Sabah olmuştu birden bizim kapı çaldı. Zilin sesini duyduğum anda yataktan fırladım. Kapiya bir umutla koştum. Belkide karşıma belenur çıkacaktı. Kapıyı açtım ama karşıma belenur yerine ustalar çıktı doğru ya bugün tasiniyorduk. Bu benim tamamen aklimdan çıkmıştı. Ustalar "Günaydin kemal Sezginin evi değil mi ?" diye sordu bende basimla onayladim ve onları içeriye aldım. Ardından babam "hoşgeldiniz"diyerek yukarıdan indi. Onlar salonda konuşurken bende odama cıktim gardırobu actım hemen üzerime birşeyler geçirdim çanta mi hazırladım aşağıya indim. Asagidaki esyalar taşınmaya başlamıştı. Robiyi aldım ve aşağıya indim. Bizim çocuklar aşağıda beni bekliyorlarmış. Koşarak sarildim hepsine teker teker. Merte sarildiktan sonra "belenur nerede?"diye sordum mert üzgün bir şekilde başını yere eğerek "hala bir haber yok buraya gelmeden önce onlara uğradım ama Mediha teyze hala gelmediğini söyledi onlar da polise haber vermişler onlardan da haber yok maalesef " dedi. Herkes onun için çok endişeleniyordu.
Evdeki eşyalar toplanip araca yerlestirildikten sonra benim en sevmediğim kısım "vedalaşma" kismina geçtik. Vedalaşmaları sevmem çünkü bazı şeylerin sonudur. Her neyse herkese sımsıkı sarıldım her ne kadar ziyarete gelecek olsam da onları özleyeceğim. Metre sarilirken kulağına fısıldadım "belenuru bul ve onunla mutlu ol" dedim. Mert "inan elimden gelenin fazla sini yapacam bulacam onu" dedi babam "haydi herkes yerini alsın" dedi. Arabaya geçtik yerlerimizi aldık. Ve tabiki robide.
Araba harekete geçti bunlara son birkez el salladım ve iste ayrilma vakti...Yolculuk sırasında uyumusum birden burnuma o koku geldi o sonsuz maviliği ile insana huzur veren o dalgalarıyla insanin sıkıntılarını alıp götüren Deniz. Sonunda kavuşmuştum ona. Arabadan indim derin bir nefes çektim vücudumun her yerine çektim o kokuyu. Öyle özlemişim ki.

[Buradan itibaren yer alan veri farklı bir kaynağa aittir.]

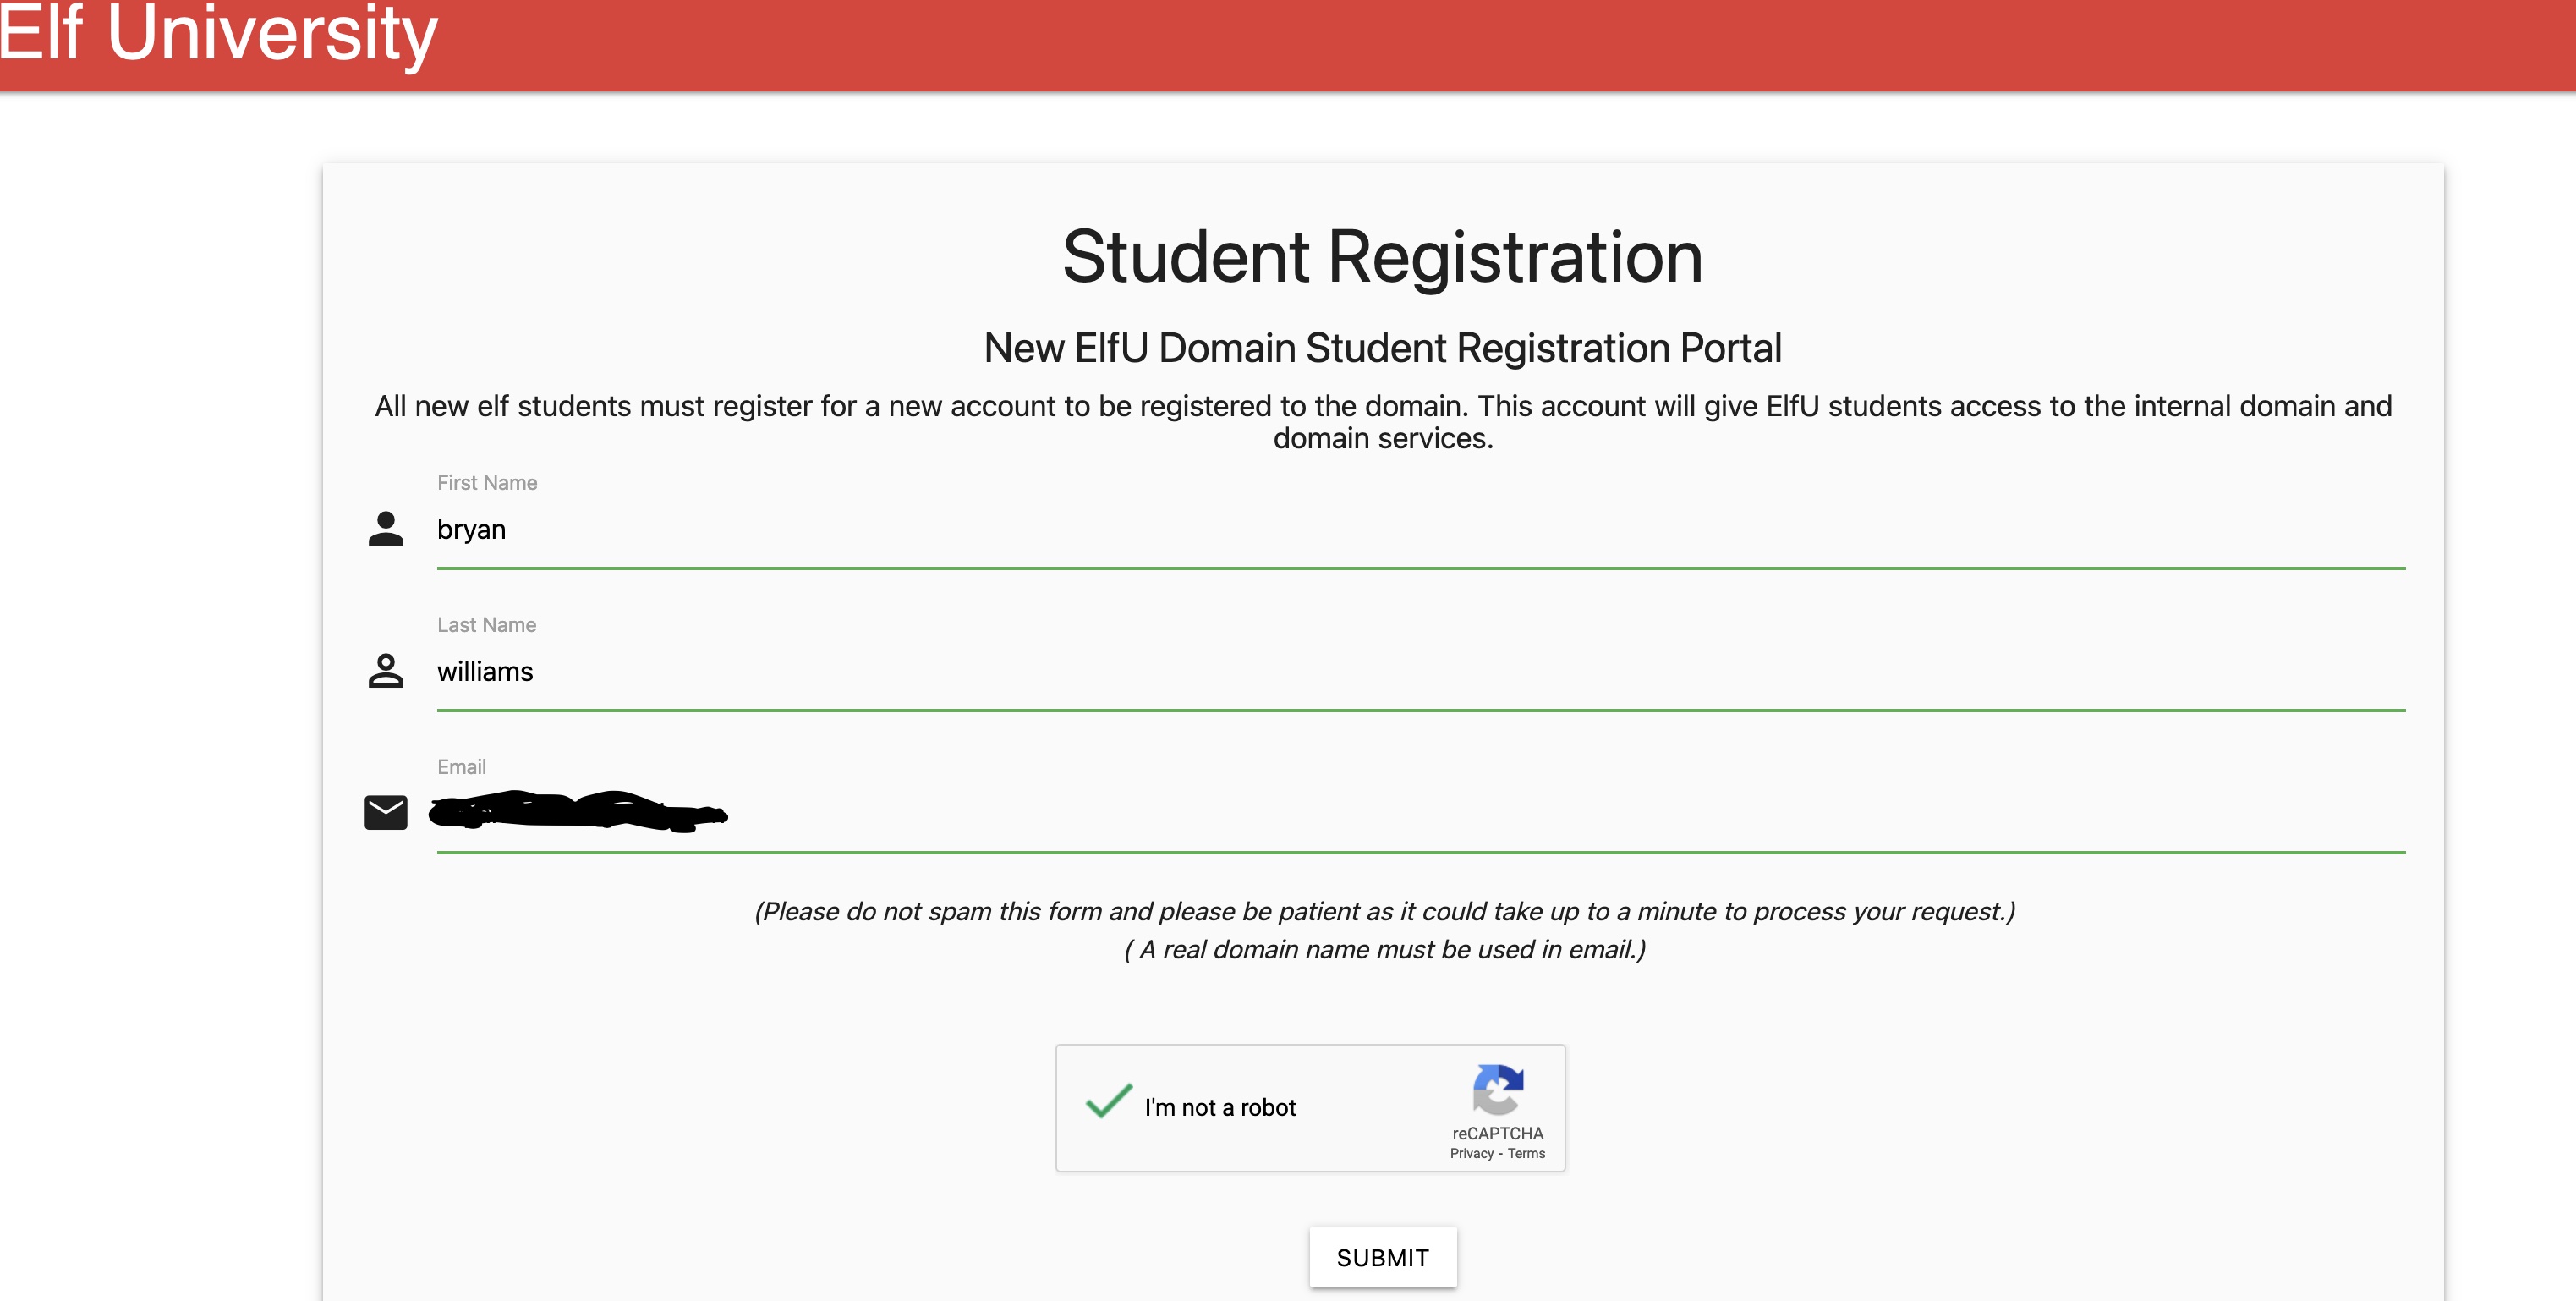 ElfU Registration

Robiyi de alip sahilde biraz yürüdüm. İnsanlar o kadar tatlılar ki. Hiç ankaradaki gibi değiller onları tanımasam da onlara kanım hemen ısındı.Akşam olmuştu. Gökyüzü turuncu kırmızı karışımı bir renk almıştı. Artık eve dönmiydim. Oturduğum banktan ayaklandım. Sahilden geçerek eve doğru yola koyuldum zaten evimiz sahile çok yakın. Babam dışı beyaz pencere kenarlarında koyu mavi şeritler bulunan 9 katlı bir sitede almış evi. Sitenin içerisinde 7 tane bina var fakat aşağıda hic benim yaslarimda insan yok. Kendi kendime "sanırım burada deniz ve robiden başka arkadaşım olmayacak"diye söyledim.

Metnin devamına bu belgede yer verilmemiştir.